This Python library is designed to enhance OpenAI chat completion responses by adding detailed information about token log probabilities. This library works with OpenAI Structured Outputs, which is a feature that ensures the model will always generate responses that adhere to your supplied JSON Schema, so you don't need to worry about the model omitting a required key, or hallucinating an invalid enum value. It provides utilities to analyze and incorporate token-level log probabilities into structured outputs, helping developers understand the reliability of structured data extracted from OpenAI models.
The primary goal of structured-logprobs is to provide insights into the reliability of extracted data. By analyzing token-level log probabilities, the library helps assess how likely each value generated from an LLM's structured outputs is.

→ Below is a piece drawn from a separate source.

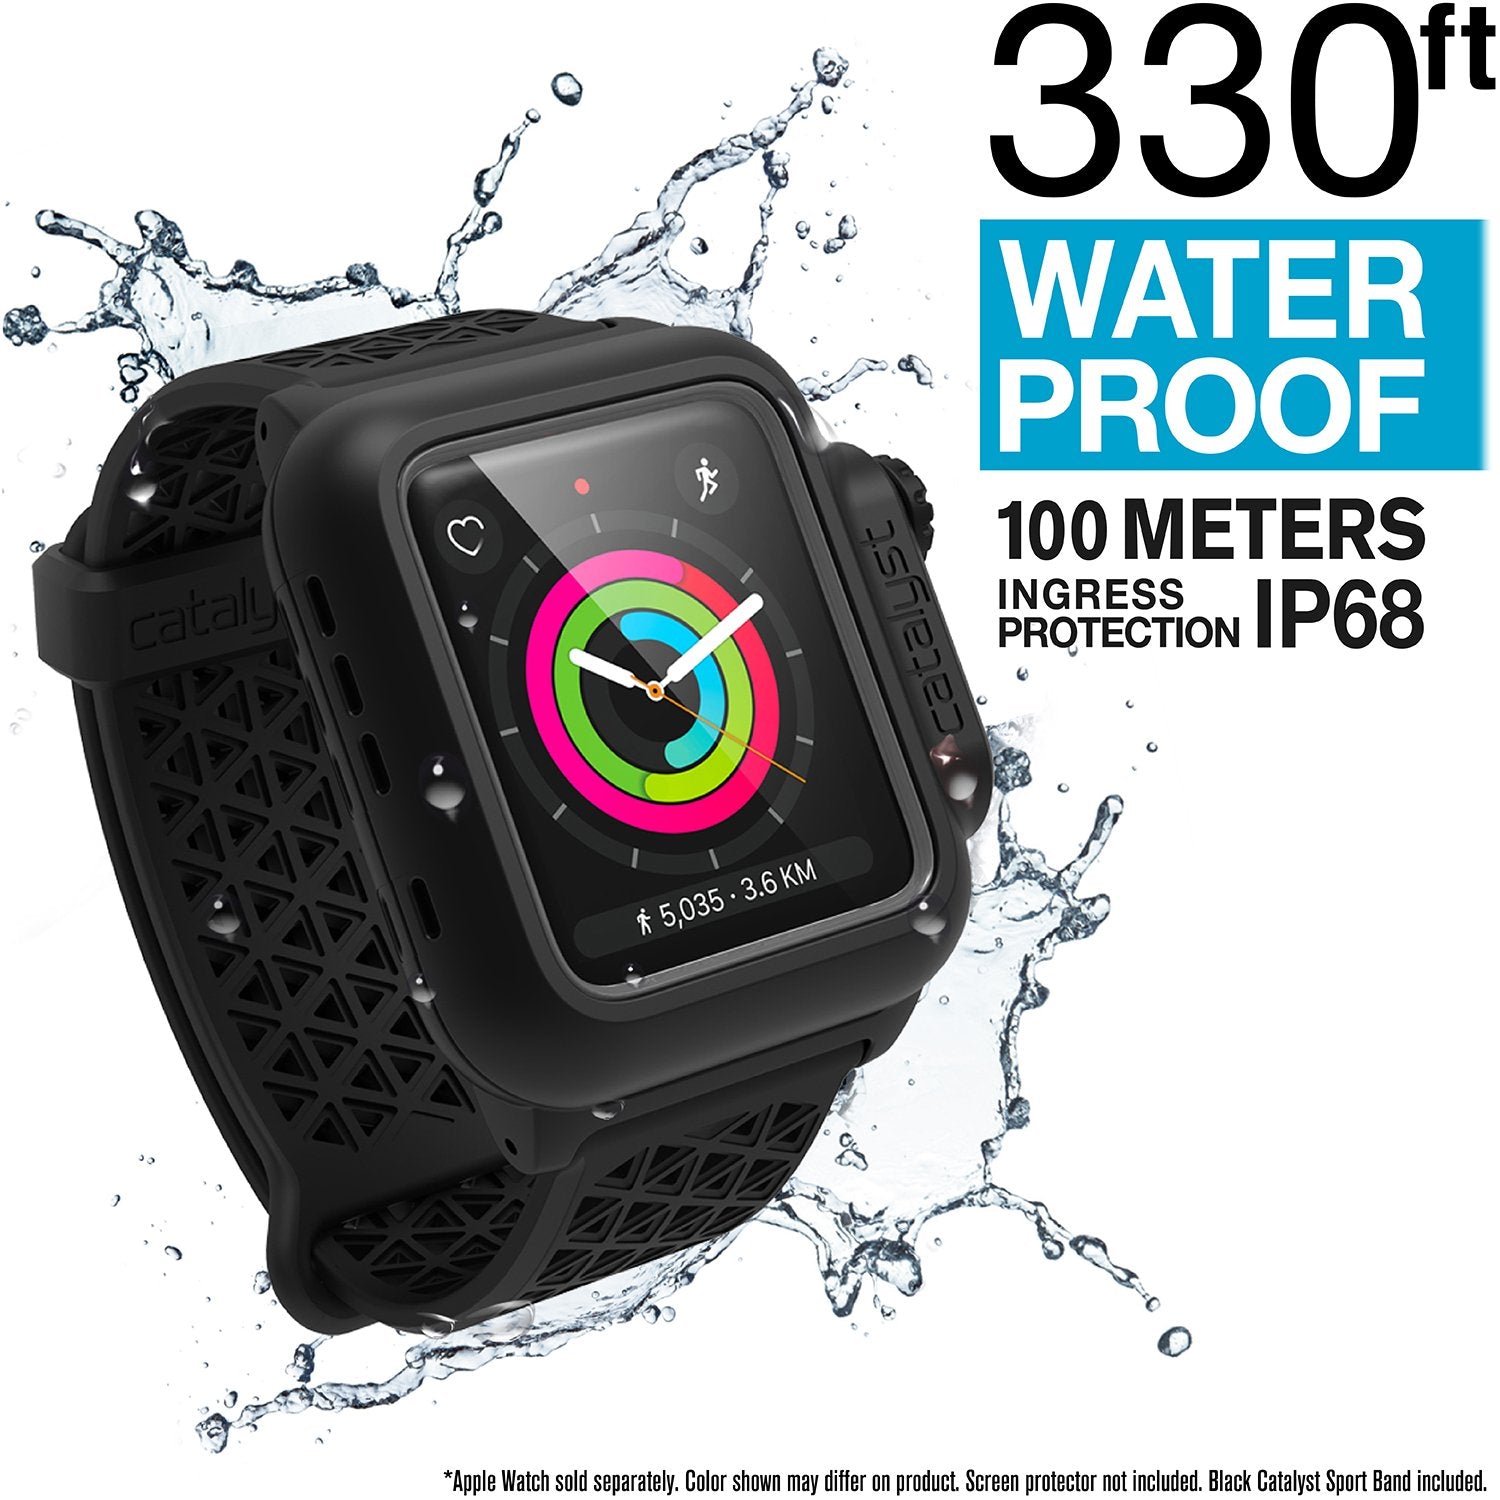 Waterproof Cases for Apple Watch Series 3 42MM | Catalyst Lifestyle

The module contains a function for mapping characters to token indices (map_characters_to_token_indices
) and two methods for incorporating log probabilities:
- Adding log probabilities as a separate field in the response (
add_logprobs
). - Embedding log probabilities inline within the message content (
add_logprobs_inline
).
To use this library, first create a chat completion response with the OpenAI Python SDK, then enhance the response with log probabilities. Here is an example of how to do that:
from openai import OpenAI
from openai.types import ResponseFormatJSONSchema
from structured_logprobs import add_logprobs, add_logprobs_inline
# Initialize the OpenAI client
client = OpenAI(api_key="your-api-key")
schema_path = "path-to-your-json-schema"
with open(schema_path) as f:
schema_content = json.load(f)
# Validate the schema content
response_schema = ResponseFormatJSONSchema.model_validate(schema_content)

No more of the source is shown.